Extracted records
BEGIN

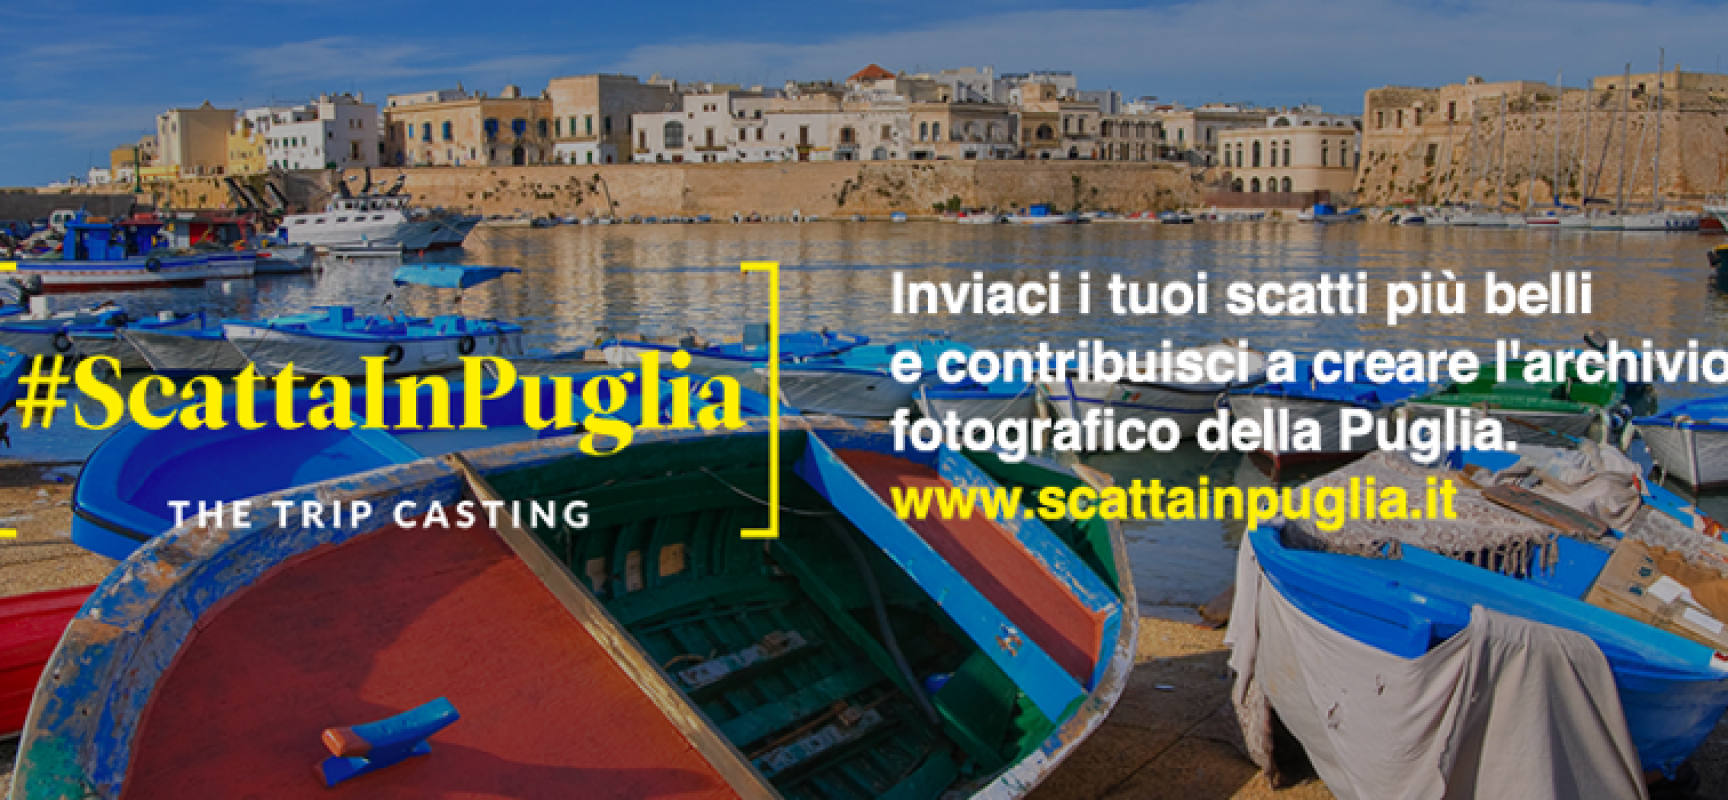 #ScattaInPuglia, il contest per fotografi appassionati della Terra di Puglia / DETTAGLI
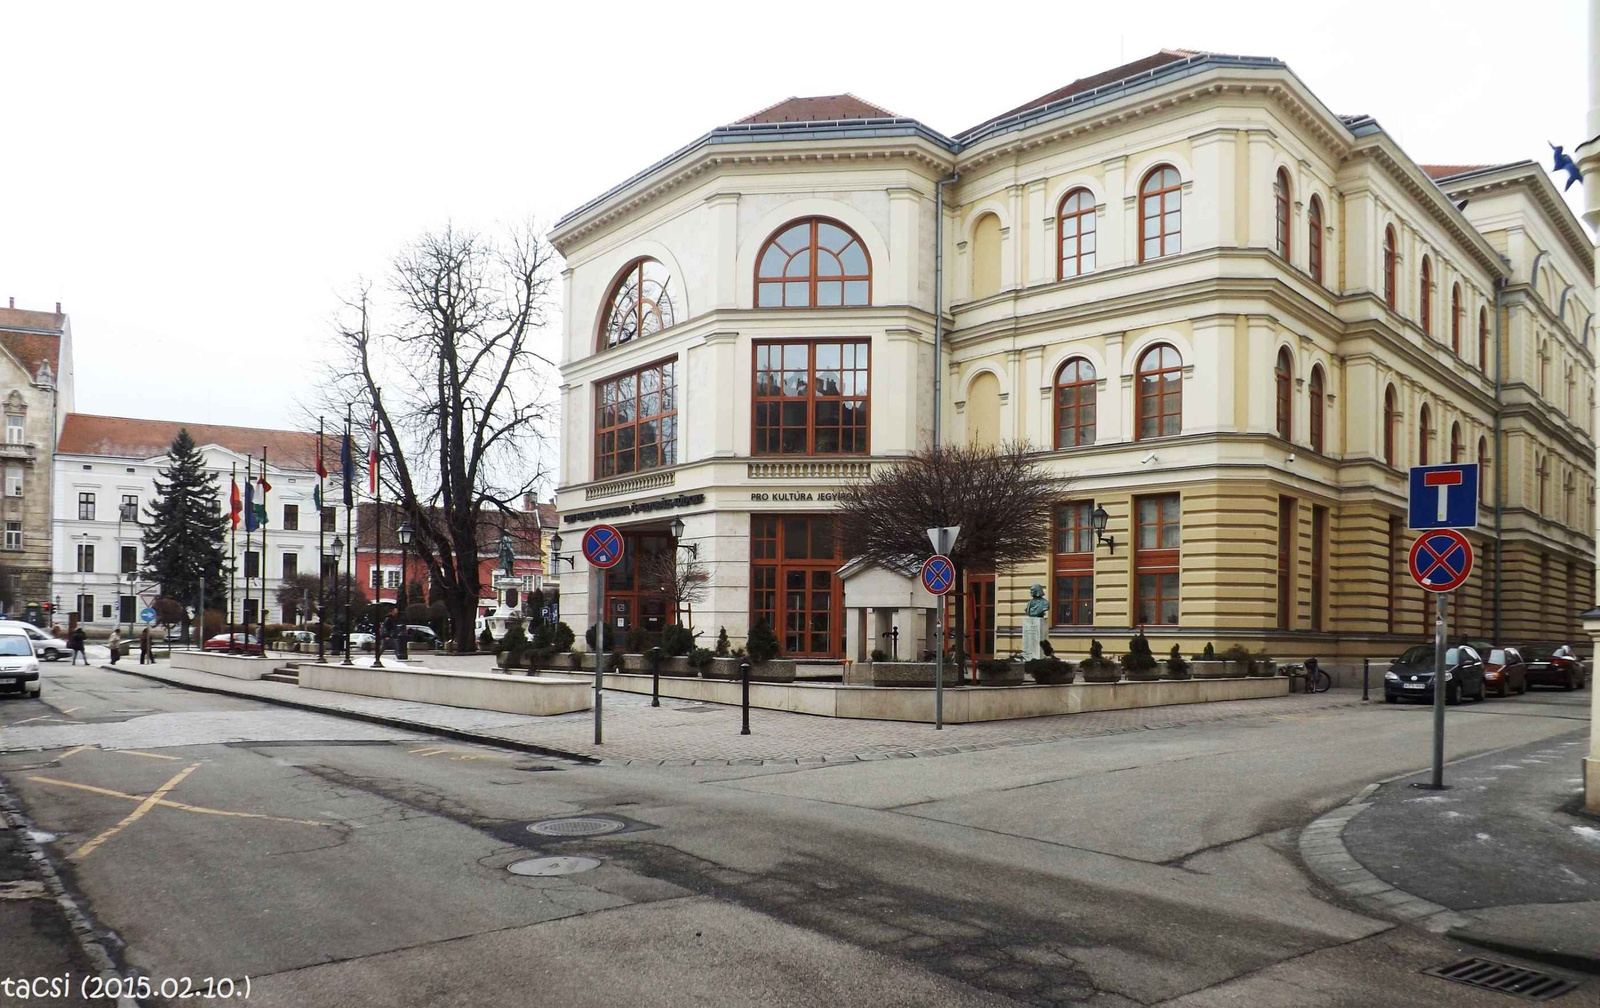 Konferencia központ és egy kevés Széchenyi tér
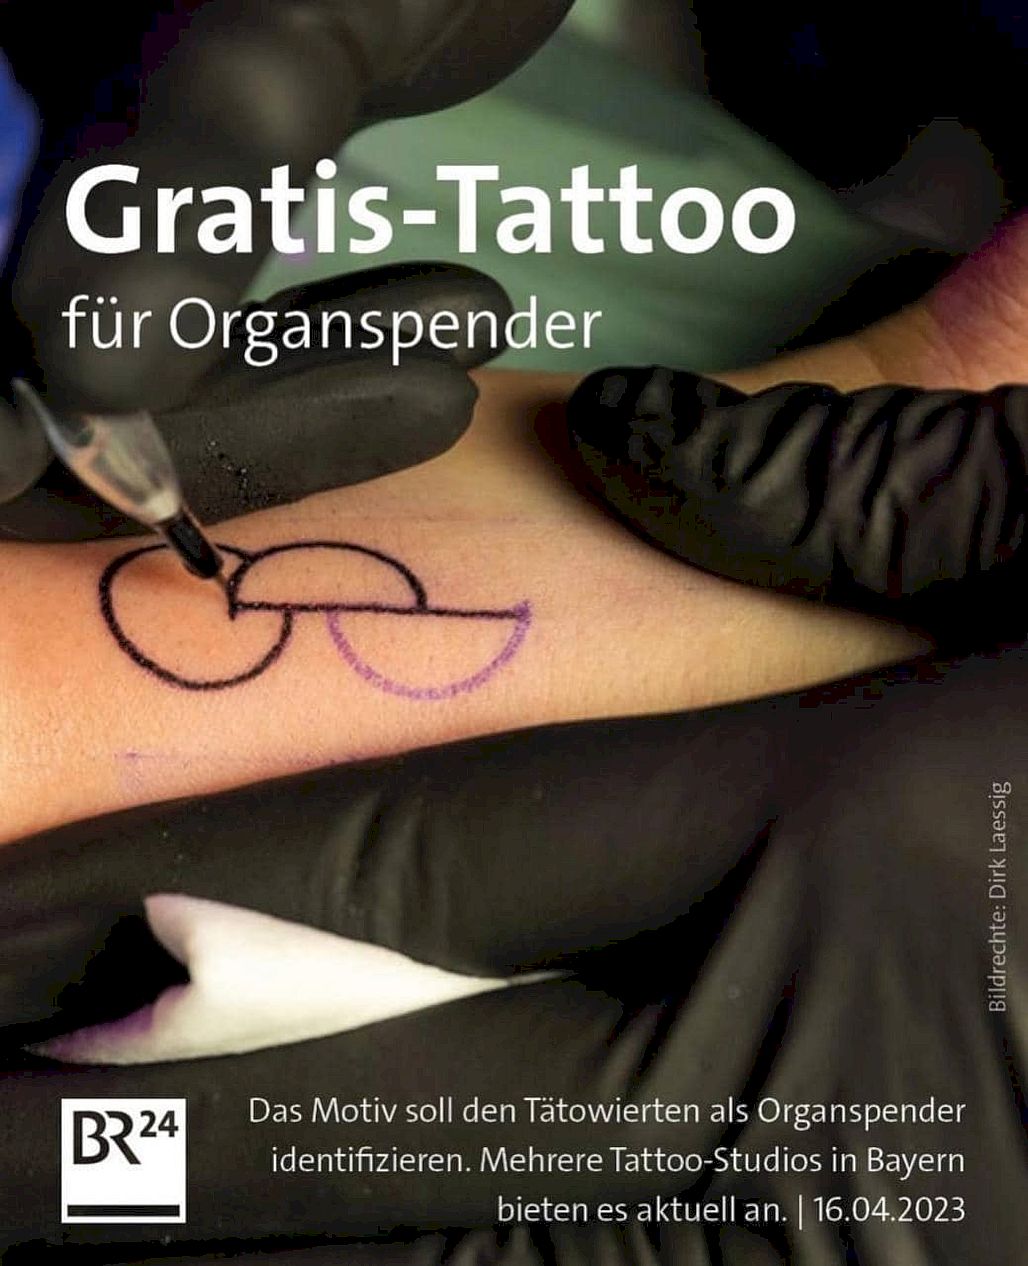 Bezpłatne tatuaże dla dawców narządów
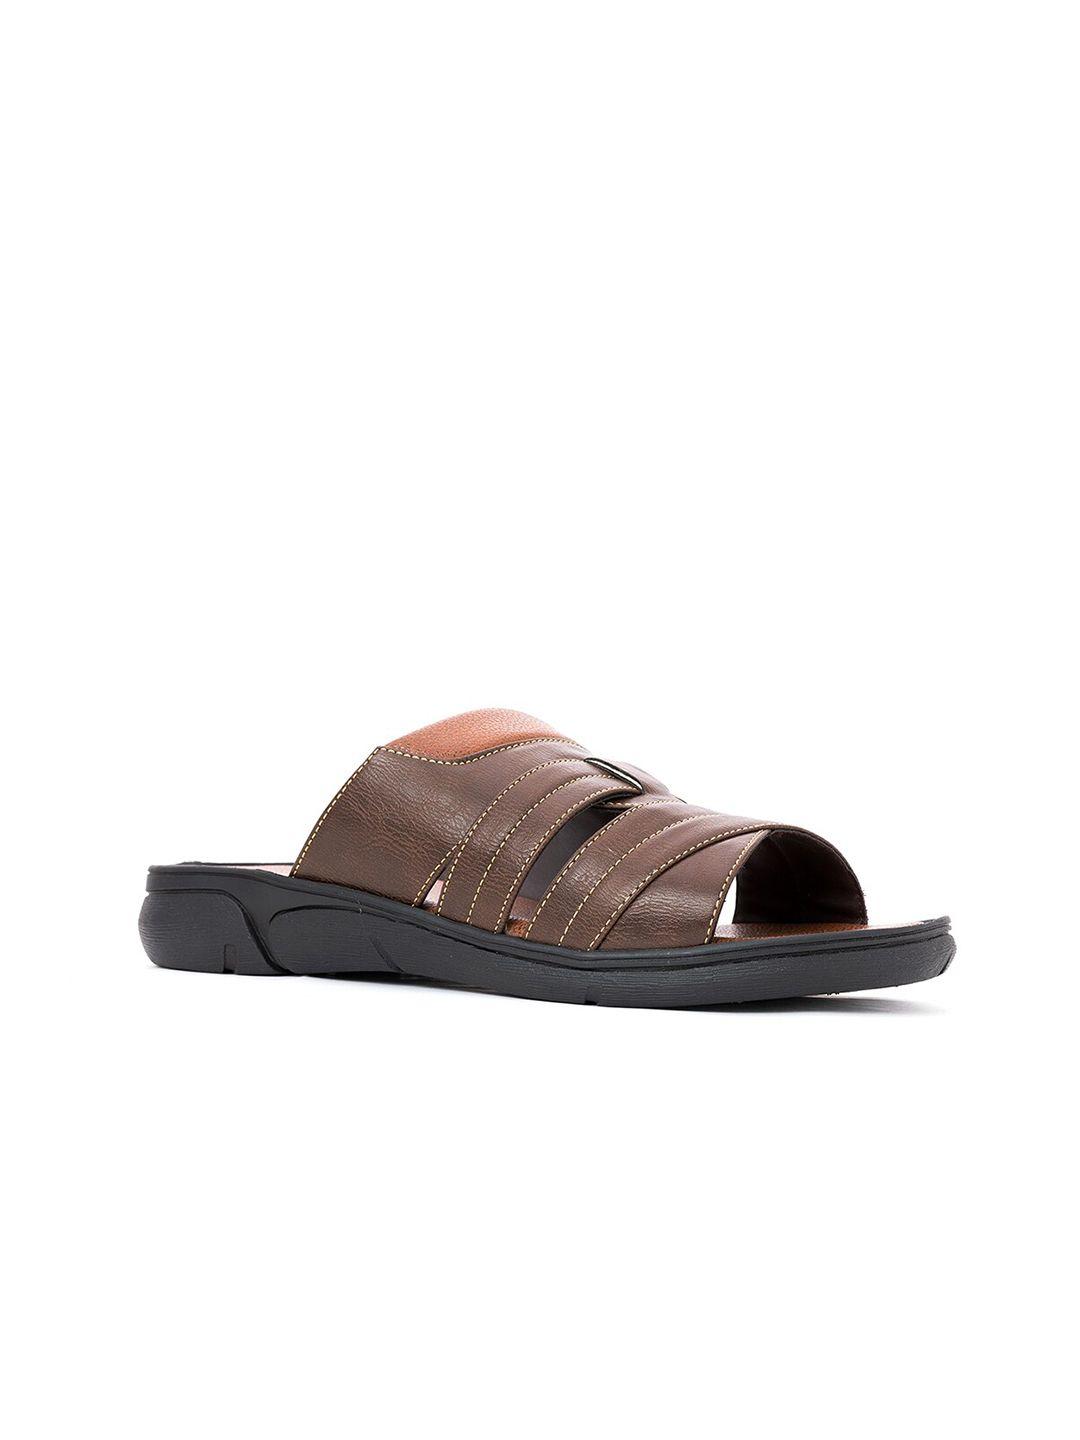 khadims men black & brown comfort sandals
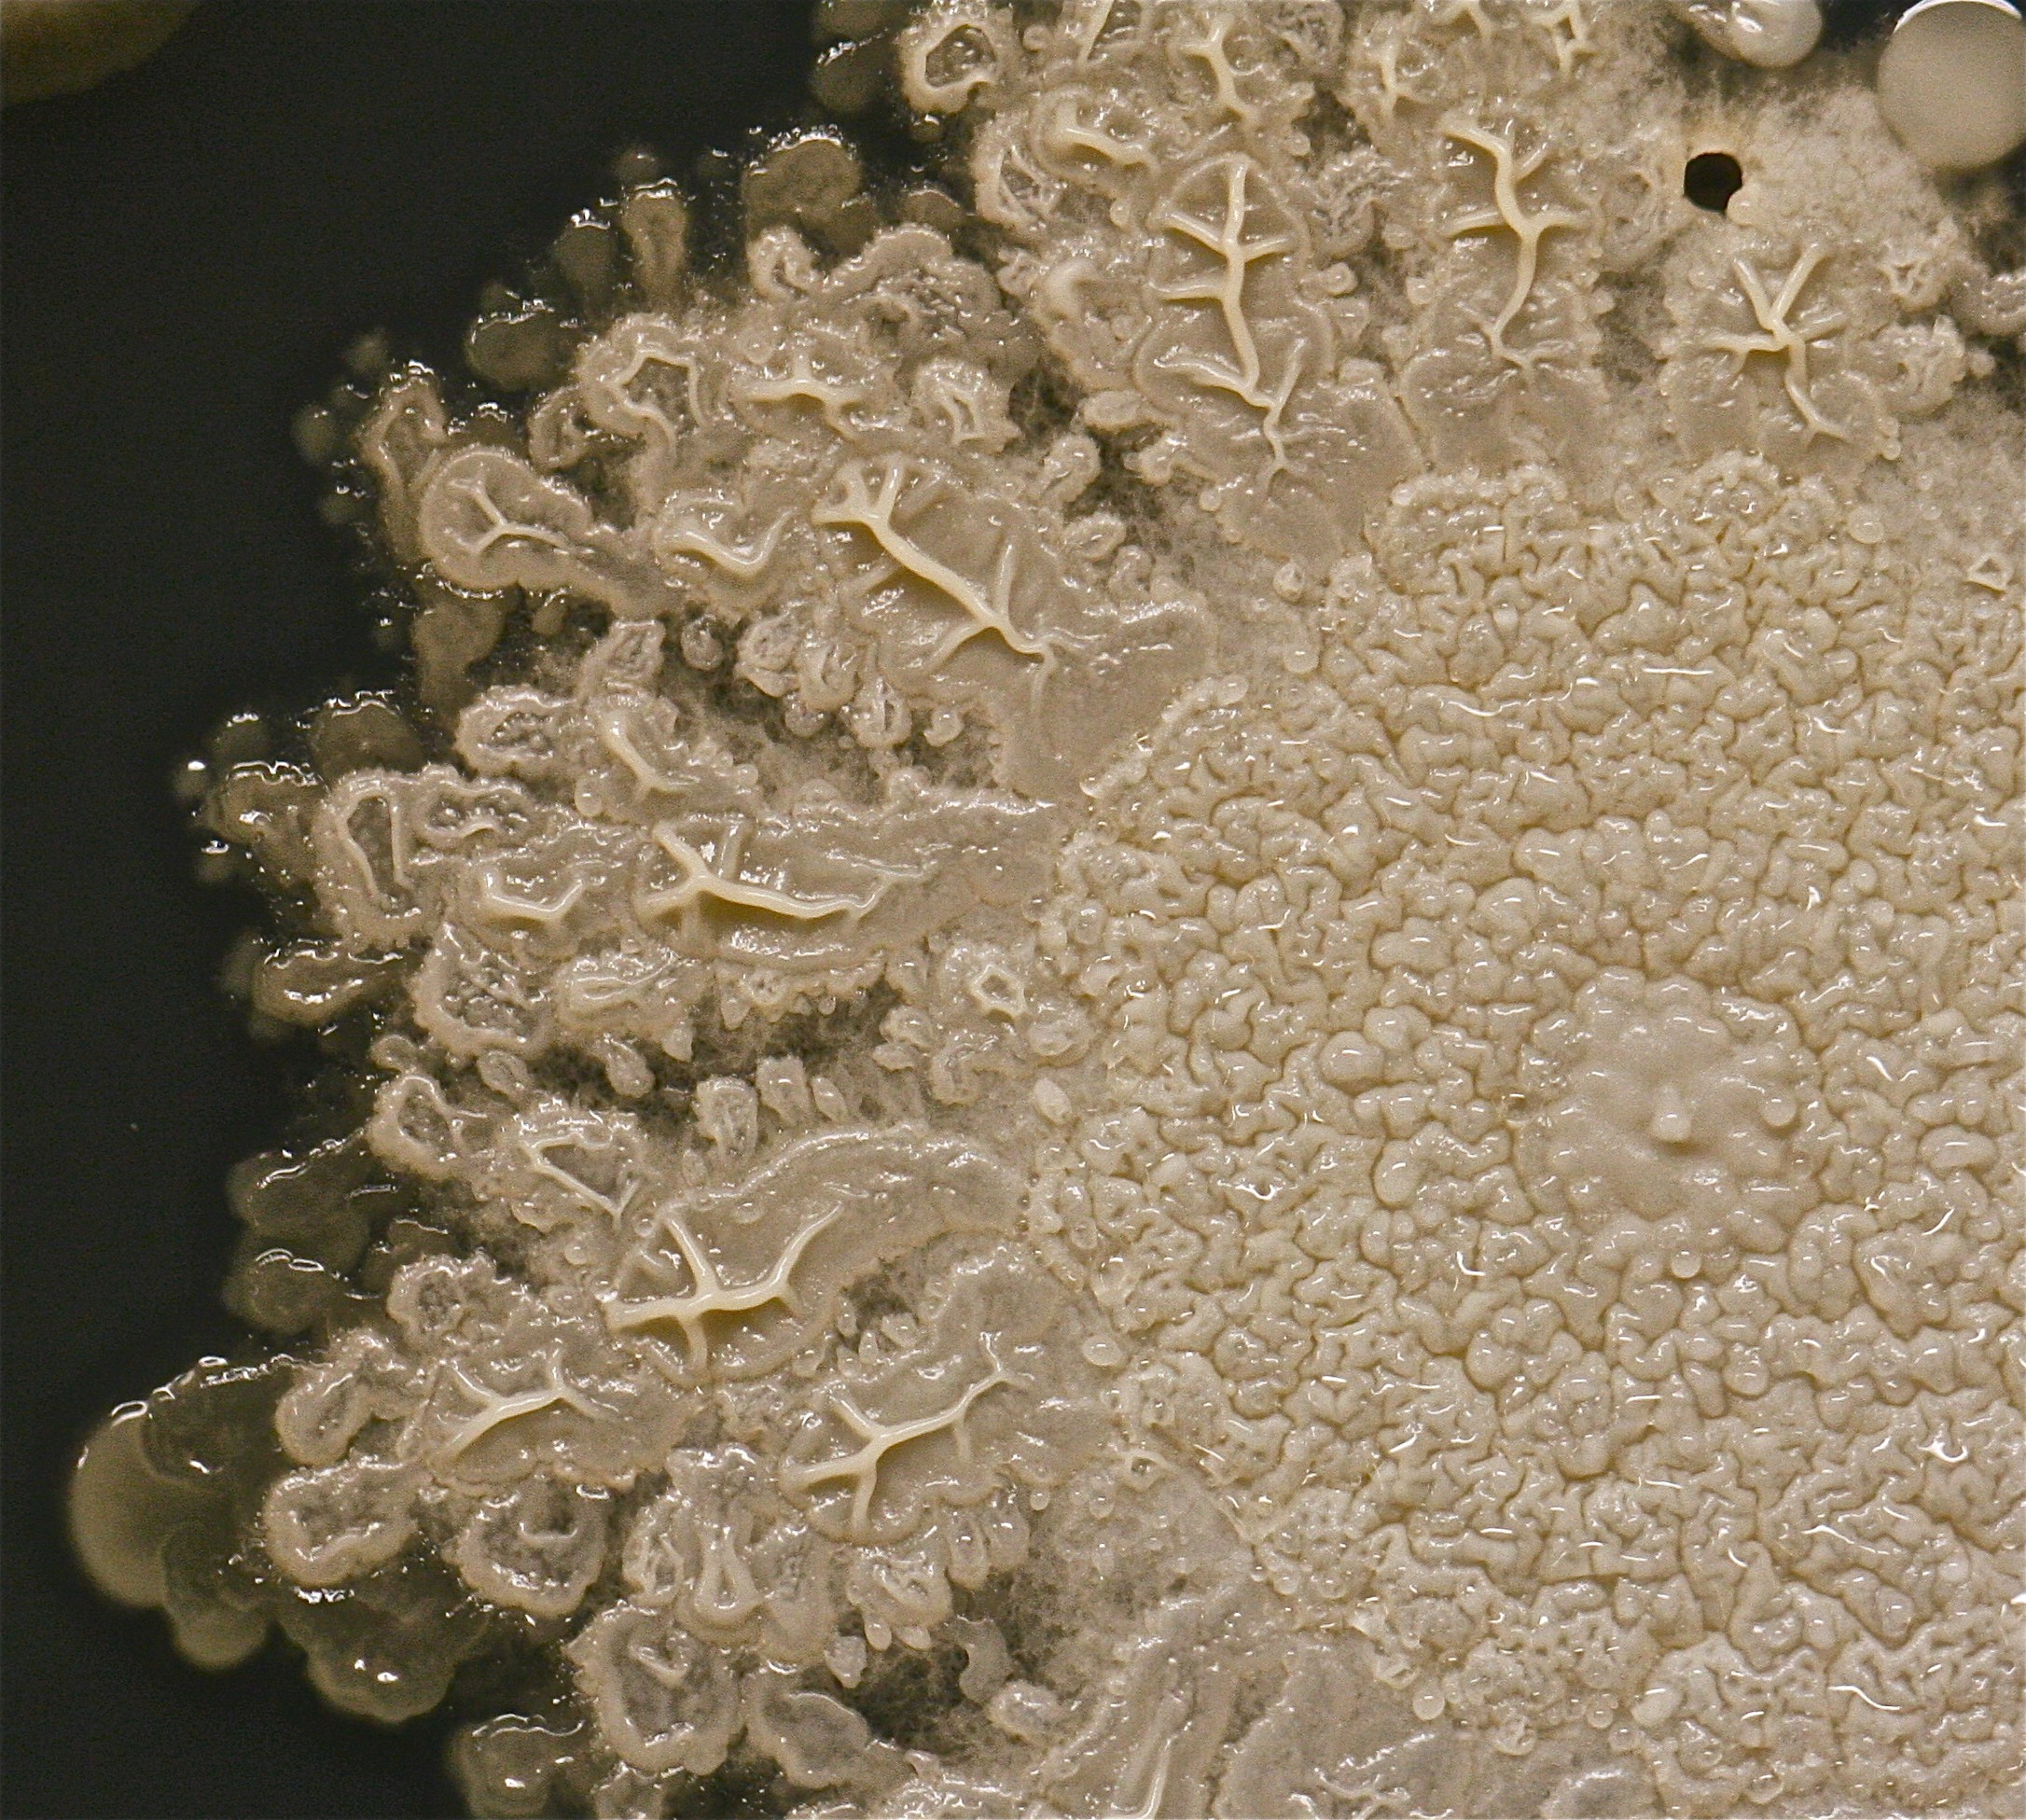 Una de las colonias más grandes en la placa, probablemente un tipo de bacilo.

END

Above are the records; reproduce them exactly and leave out the pictures.

 #ScattaInPuglia, il contest per fotografi appassionati della Terra di Puglia / DETTAGLI
 Konferencia központ és egy kevés Széchenyi tér
 Bezpłatne tatuaże dla dawców narządów
 khadims men black & brown comfort sandals
 Una de las colonias más grandes en la placa, probablemente un tipo de bacilo.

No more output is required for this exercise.